— EXERCISE REQUIREMENTS —
Word for word, restate the lines of the data below between those holding "P?ster de waterpolo Rio 2016" and "Lotus Quarzuhr Lotus", inclusive; pictures do not belong in the copy.
Start of GIVEN RECORDS
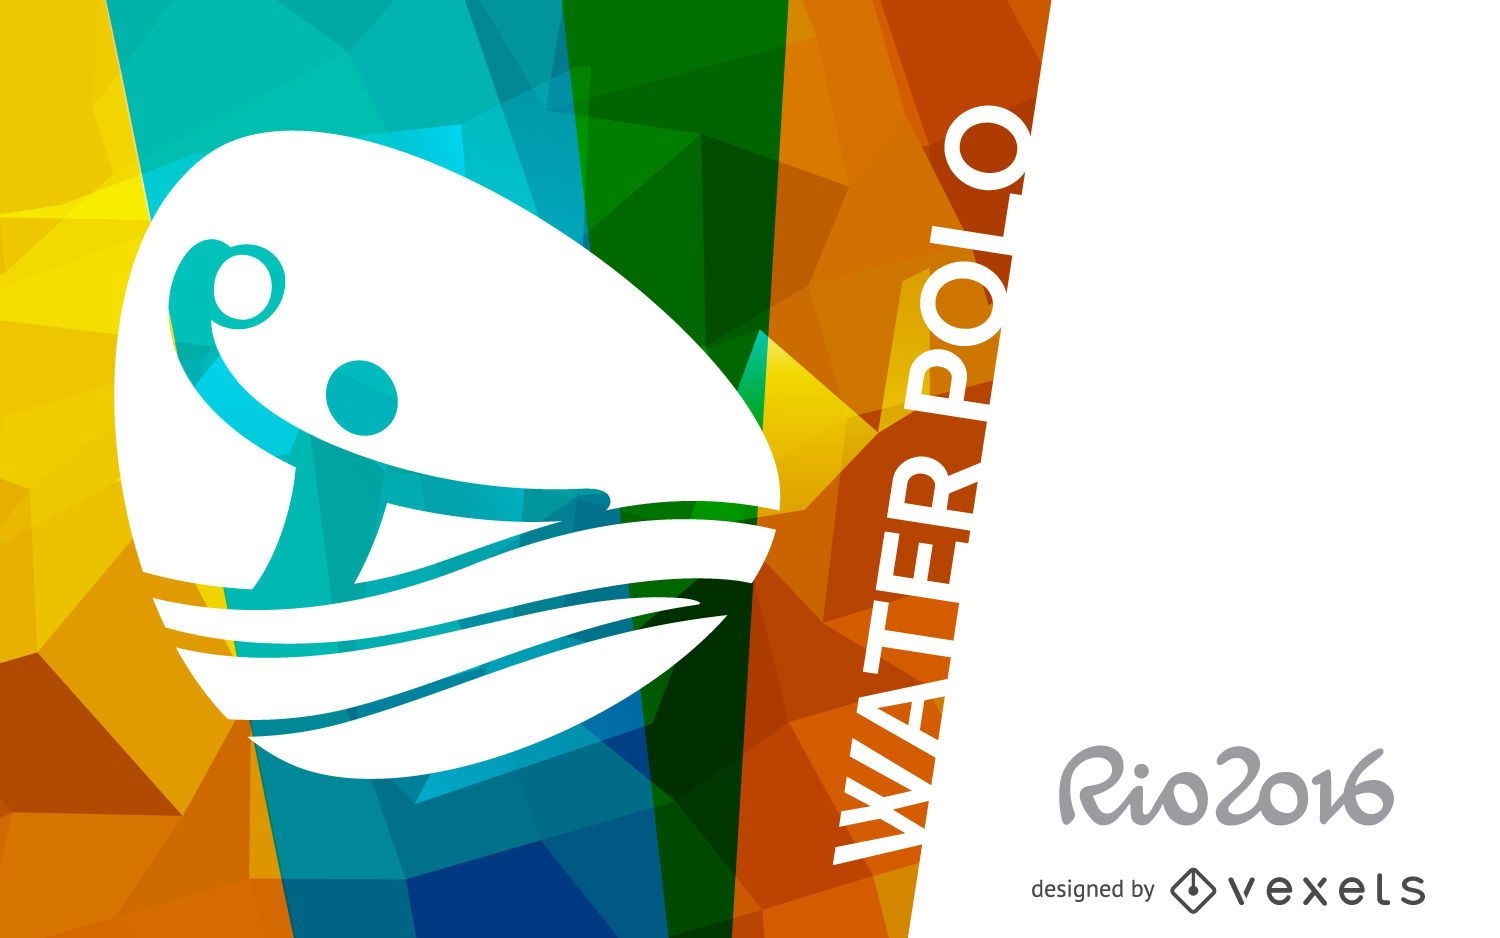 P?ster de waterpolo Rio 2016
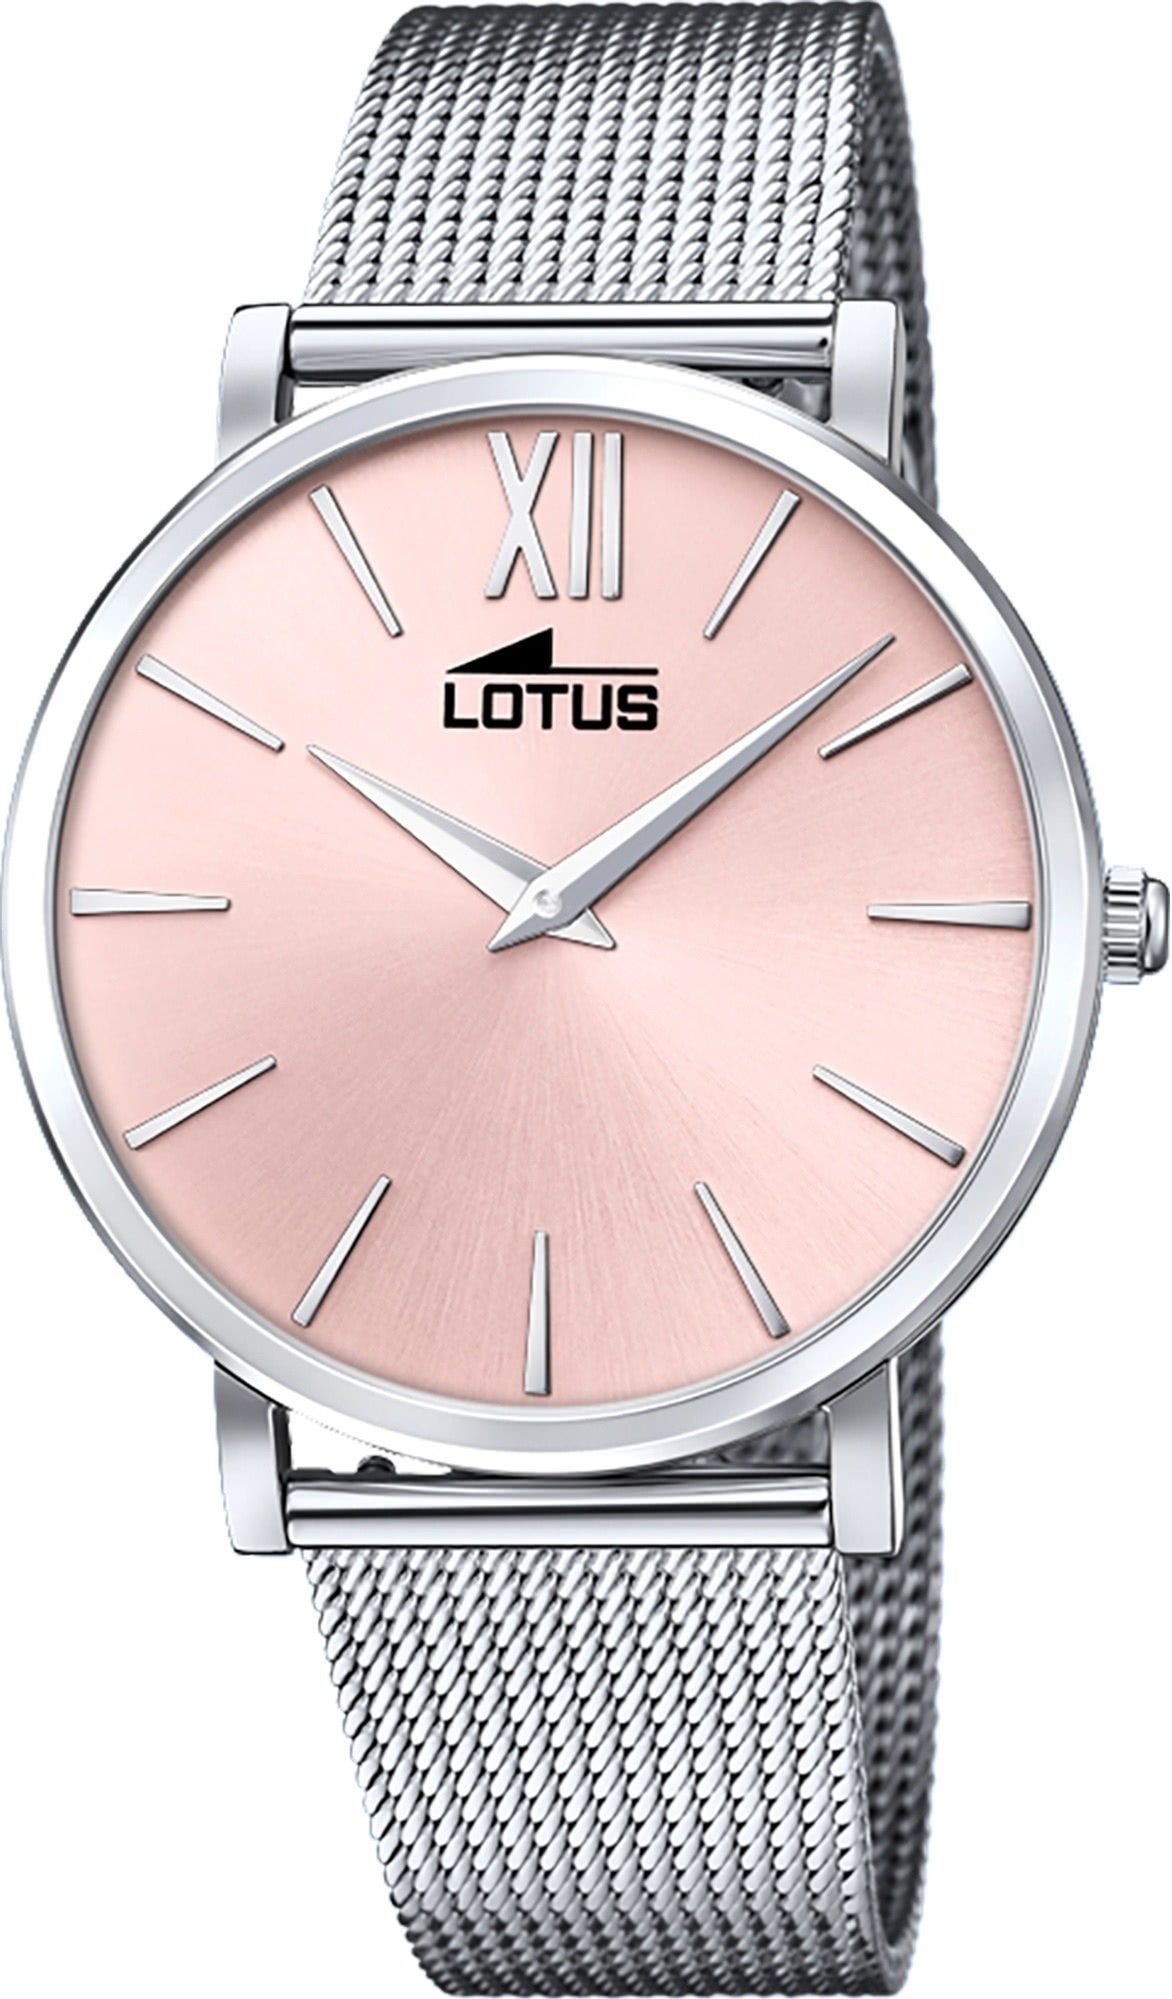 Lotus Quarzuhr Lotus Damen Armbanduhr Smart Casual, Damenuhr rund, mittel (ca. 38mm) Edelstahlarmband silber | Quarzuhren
End of GIVEN RECORDS
Start of GIVEN RECORDS
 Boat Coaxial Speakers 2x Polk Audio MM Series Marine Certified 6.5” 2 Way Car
End of GIVEN RECORDS
— ANSWER FOR THIS EXERCISE —
 P?ster de waterpolo Rio 2016
 Lotus Quarzuhr Lotus Damen Armbanduhr Smart Casual, Damenuhr rund, mittel (ca. 38mm) Edelstahlarmband silber | Quarzuhren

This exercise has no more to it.